Steve, I'd actually been waiting on your response to Kevin's June 22, 2009 10:32 PM post, so... pretty disappointed to see you've deleted it. Bad form and certainly not gracious to either your readers or commenters.

trouscaillon, to each his own but I thought Steve did do the gracious thing. I followed some of the dissenting posts and thought they were incredibly stupid, nasty, and personal. The argumentation was so weak that it too managed to be offensive. But like I said, to each his own.
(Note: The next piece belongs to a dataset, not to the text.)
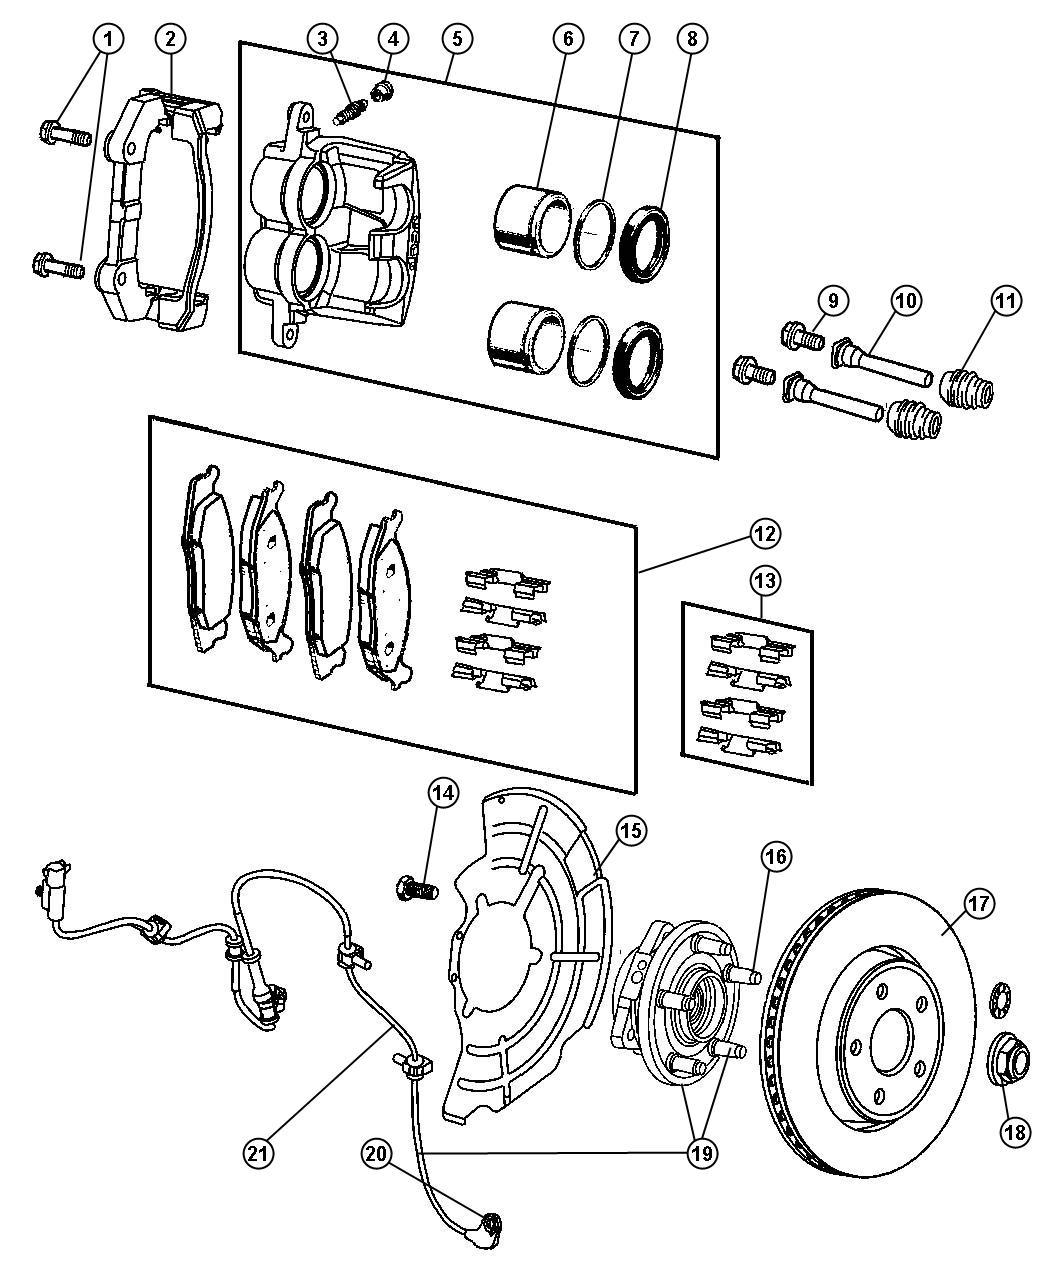 Jeep Grand Cherokee Used For Hub And Bearing Brake

Still, there are limits and no one has to be a punching bag for those seeking outlets for their maladjustments.
If you scan back to June 21, 1:46pm you will see I invited some dialogue, no luck.
There are places for these types, I hope this isn't one of them.

trouscaillon, I'm sorry that you're disappointed.

But in my post of 2:12 p.m. on the 22nd, I laid out the conditions for Kevin's continued participation.

He defied those conditions.

And if there's anything I've learned from my awful, depressing years of teaching adolescent boys, it's that once you lay down a condition you must stick to it - or they'll walk right over you from there on out.

johnt: thanks, as always, for your good sense & good will.

Hesperado: Your claim that "the best thing that happened to Iran was the Shah" might just be defensible, had the Shah's regime not led to Khomeini's take-over. But it did.